Fenton Advanced Oxidation Process
The Fenton process is one of the most effective techniques for breaking down refractory organics in dye wastewater. Hydroxyl radicals (•OH) formed when H2O2 and Fe2+ (ferrous sulfate) come together attack even the most difficult organic molecules.
Optimum operating conditions: pH 3-4, Fe2+/H2O2 ratio 1:5-1:10, reaction time 60-120 minutes. After the reaction, the pH is raised to 8-9 to precipitate and remove iron.
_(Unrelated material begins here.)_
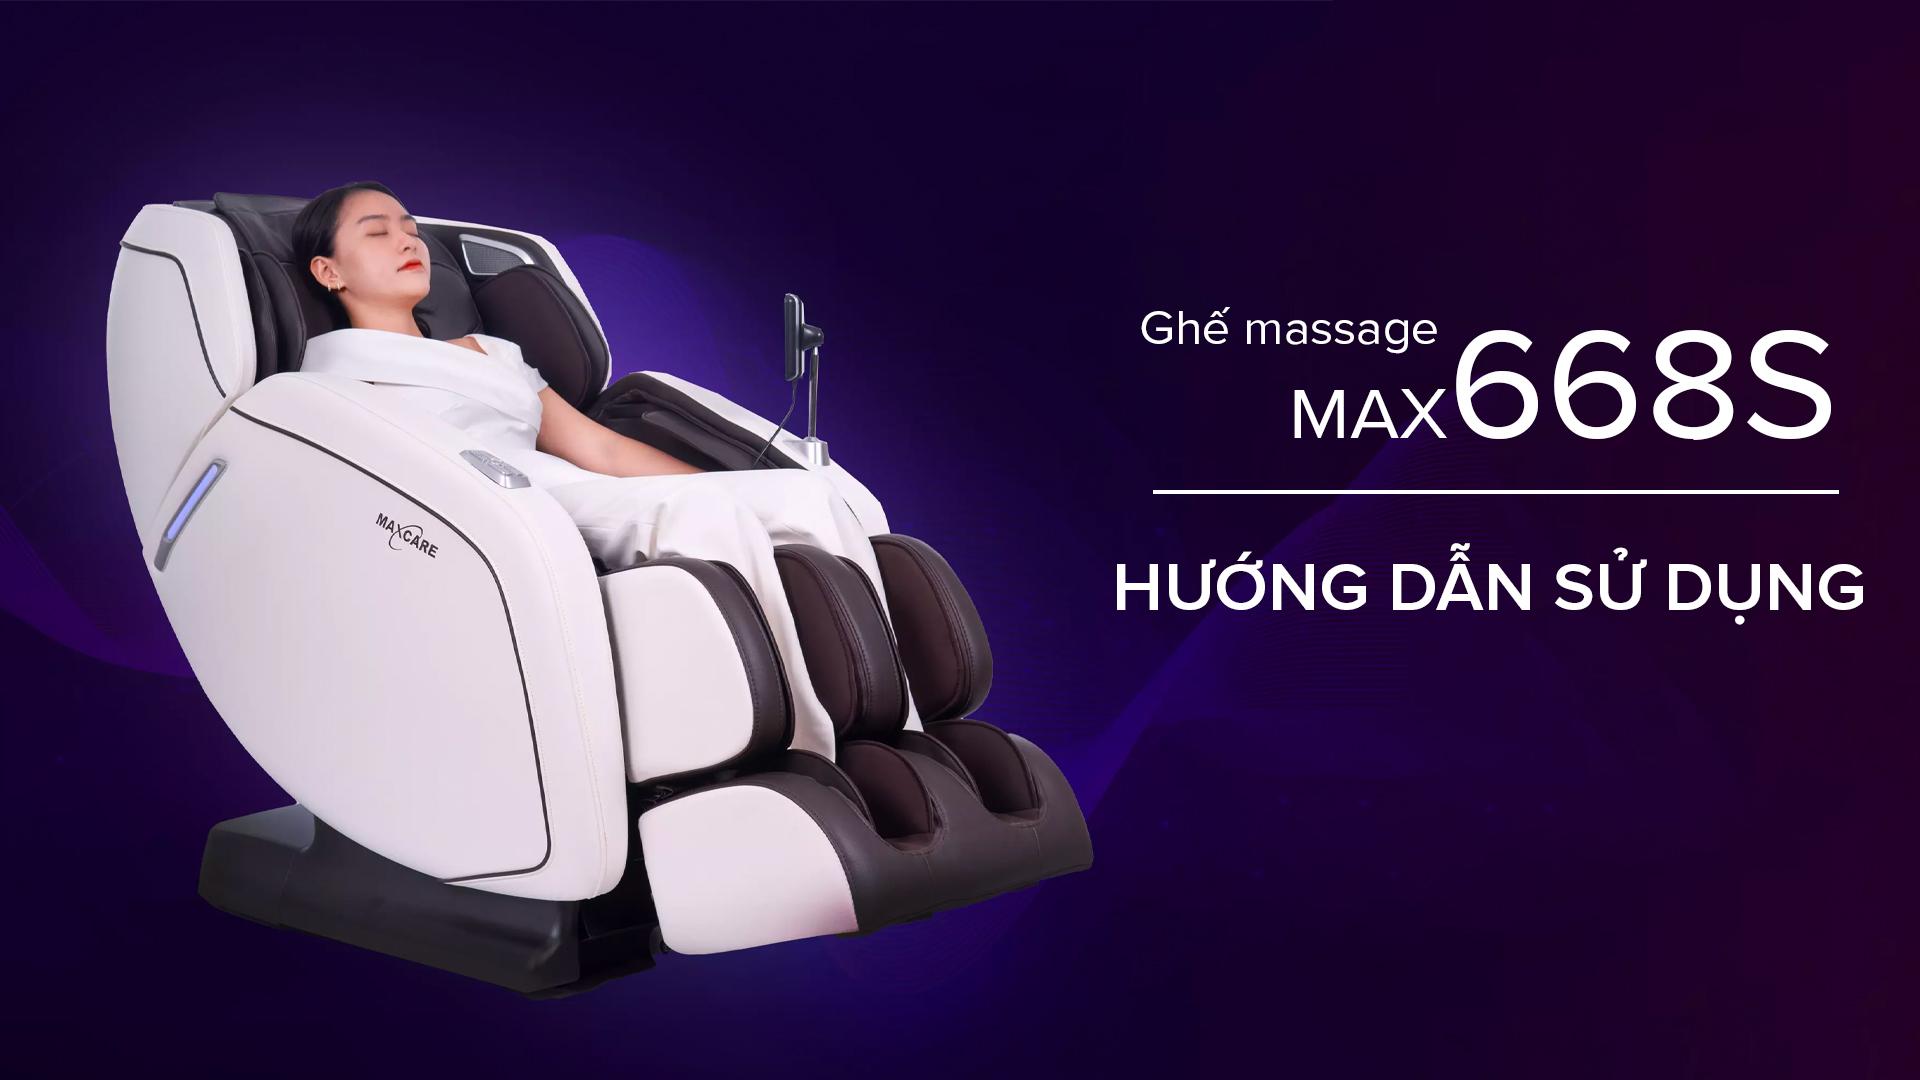 Hướng dẫn sử dụng ghế massage toàn thân Maxcare Max668S

Fenton provides 70-90% COD removal in dye wastewater and makes the subsequent biological stage possible. It raises the BOD/COD ratio from 0.2 to 0.5-0.6.
Water-Based vs Solvent-Based
Water-based paint wastewater: Contains pigment, acrylic resin, and thickener. Biodegradability is higher. Color removal is the main challenge.
Solvent-based paint wastewater: Contains solvents such as toluene, xylene, and MEK. Air stripping and activated carbon are mandatory.
Heavy Metal Precipitation
Metals such as zinc, lead, chromium, and cadmium come from pigments. Alkaline precipitation (pH 9-10) is used to precipitate metal hydroxides.
The addition of polymer flocculant accelerates the settling process. It is separated by lamella settling or DAF.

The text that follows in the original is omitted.